Data excerpt:
- - - -

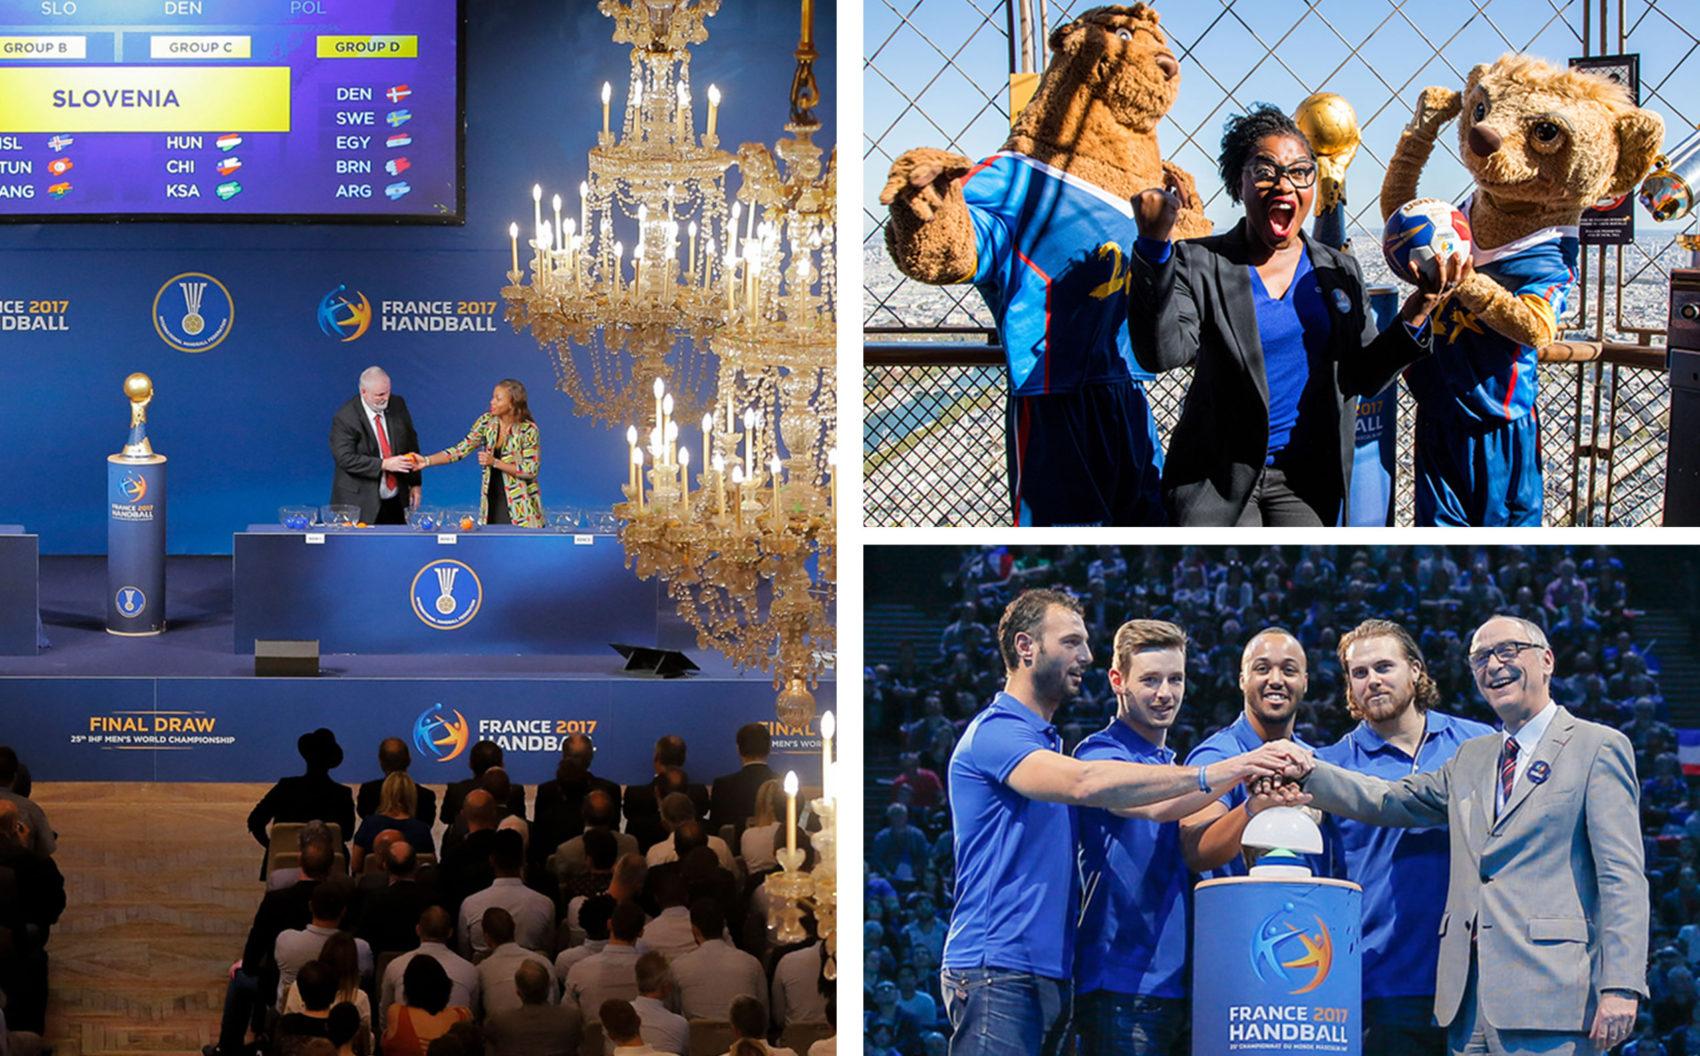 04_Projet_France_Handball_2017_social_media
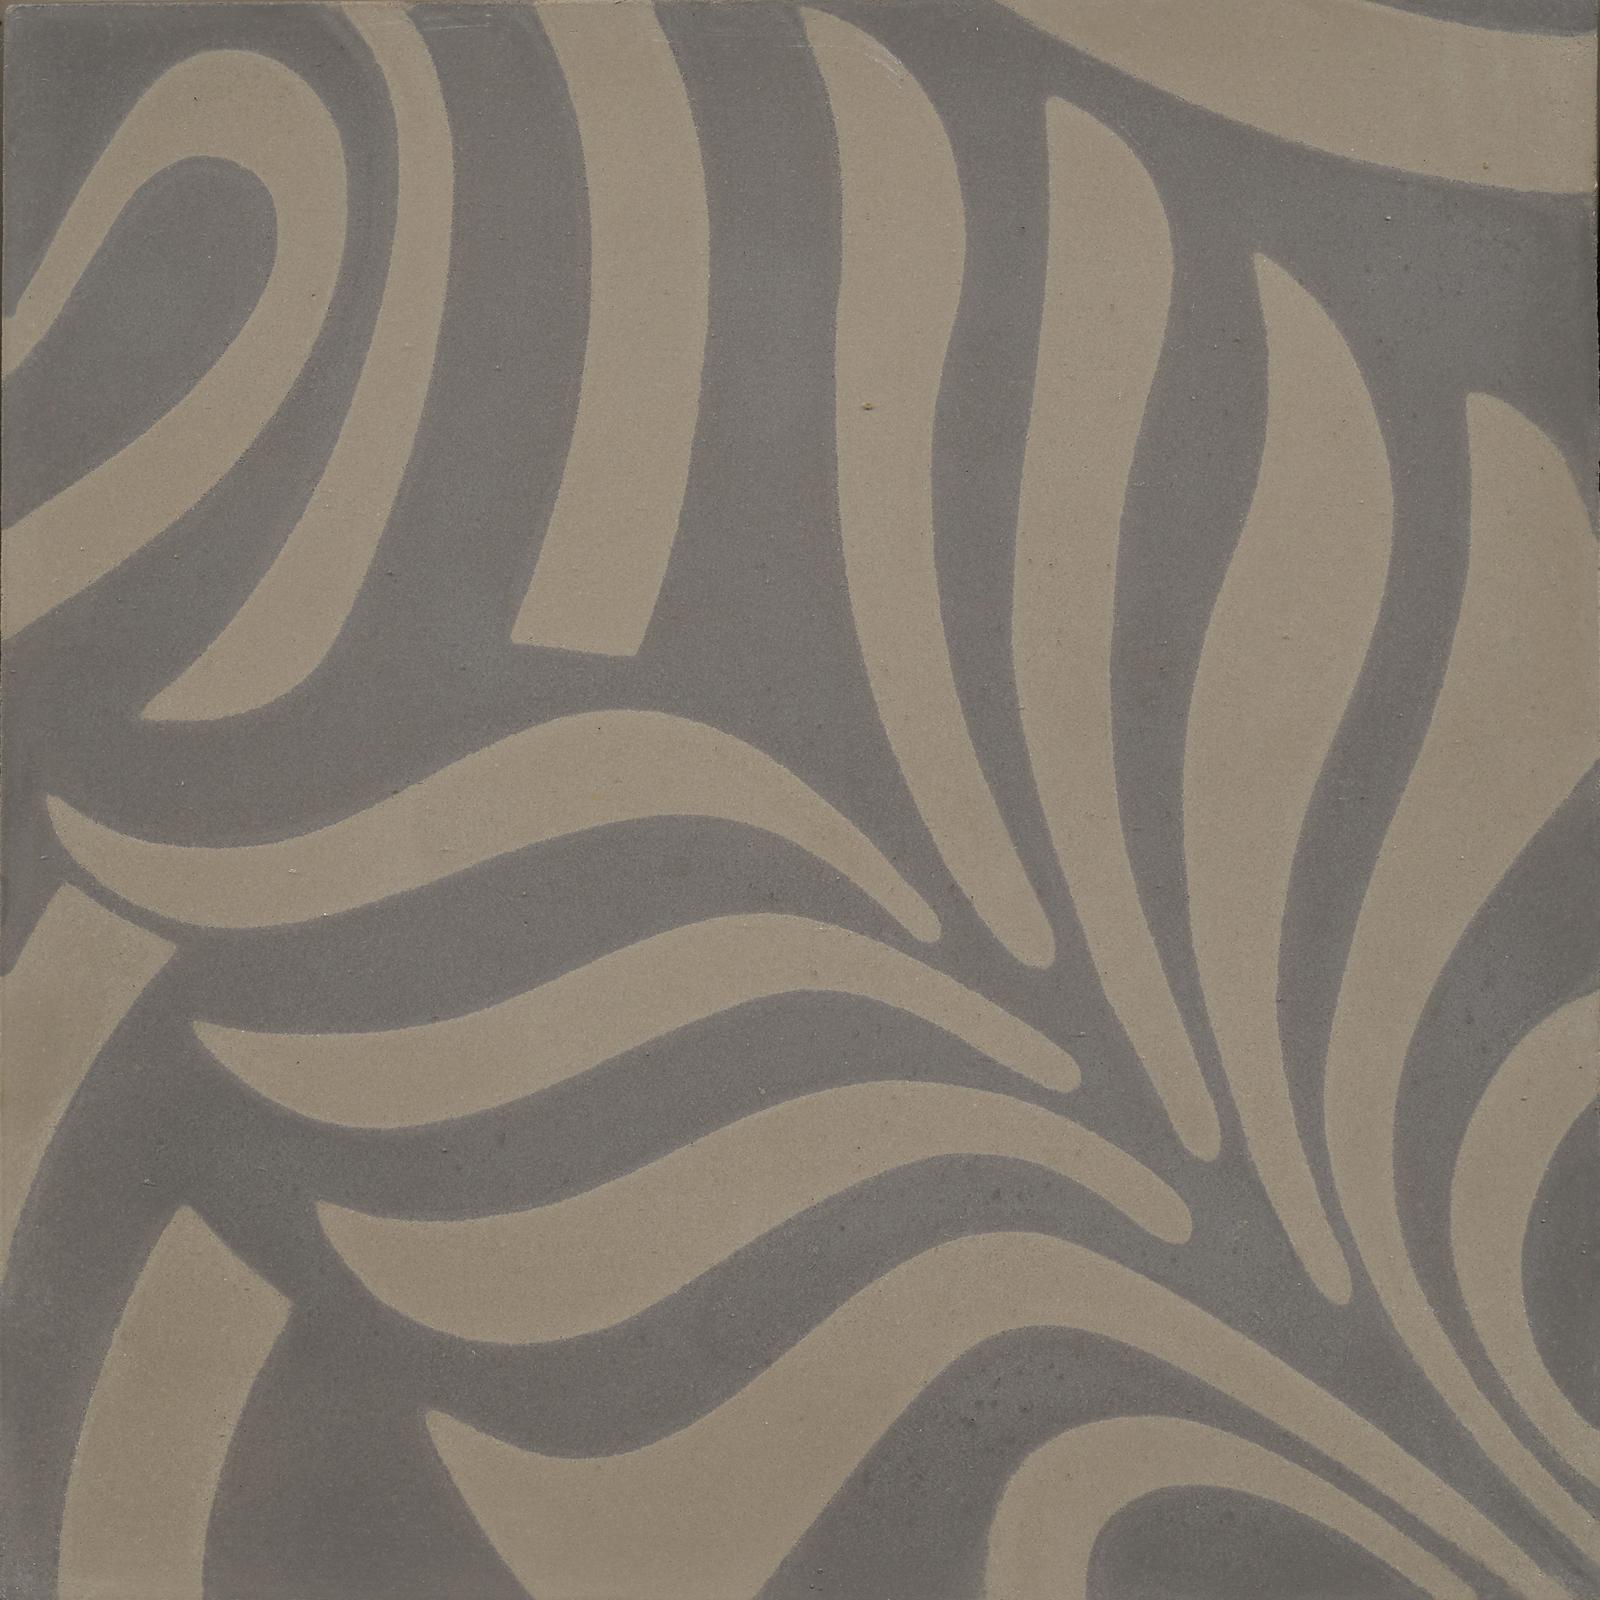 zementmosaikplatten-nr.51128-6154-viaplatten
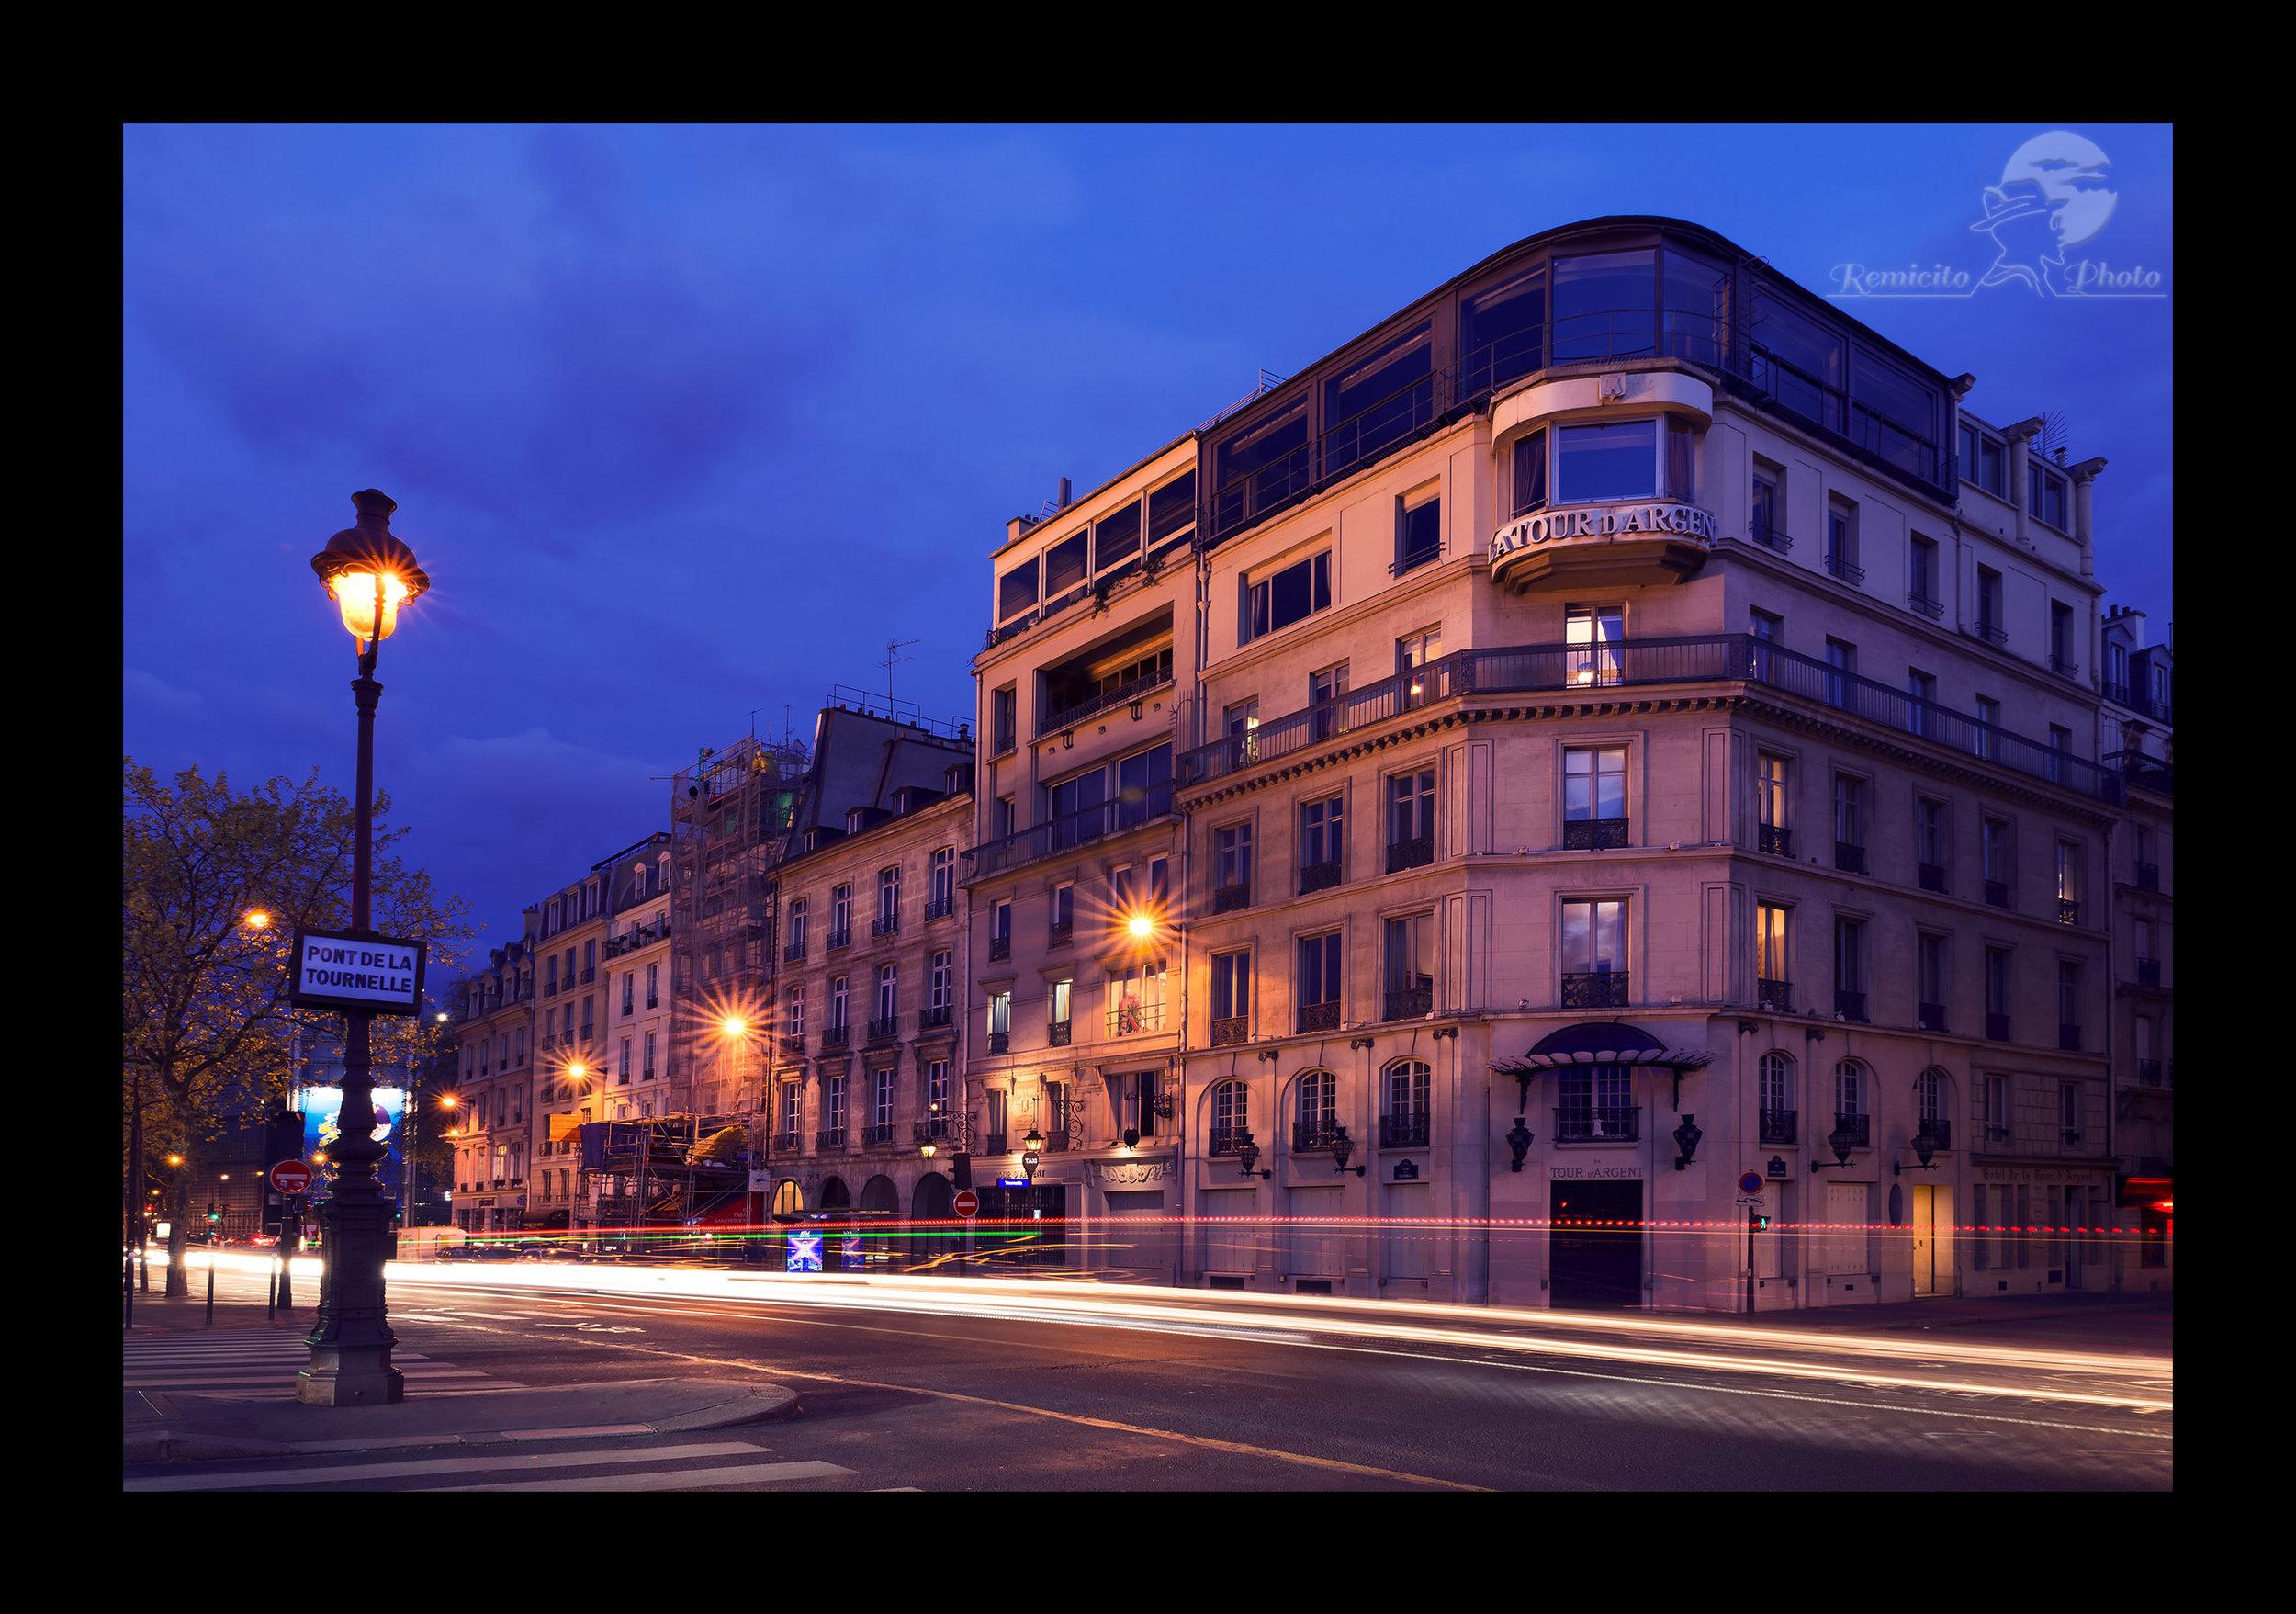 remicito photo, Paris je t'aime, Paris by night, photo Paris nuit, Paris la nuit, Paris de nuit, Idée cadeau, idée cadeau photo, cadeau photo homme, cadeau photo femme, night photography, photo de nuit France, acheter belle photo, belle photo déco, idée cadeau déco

- - - -

Work to be completed:
The reply should repeat the listing above exactly and contain no pictures.

Response area:
 04_Projet_France_Handball_2017_social_media
 zementmosaikplatten-nr.51128-6154-viaplatten
 remicito photo, Paris je t'aime, Paris by night, photo Paris nuit, Paris la nuit, Paris de nuit, Idée cadeau, idée cadeau photo, cadeau photo homme, cadeau photo femme, night photography, photo de nuit France, acheter belle photo, belle photo déco, idée cadeau déco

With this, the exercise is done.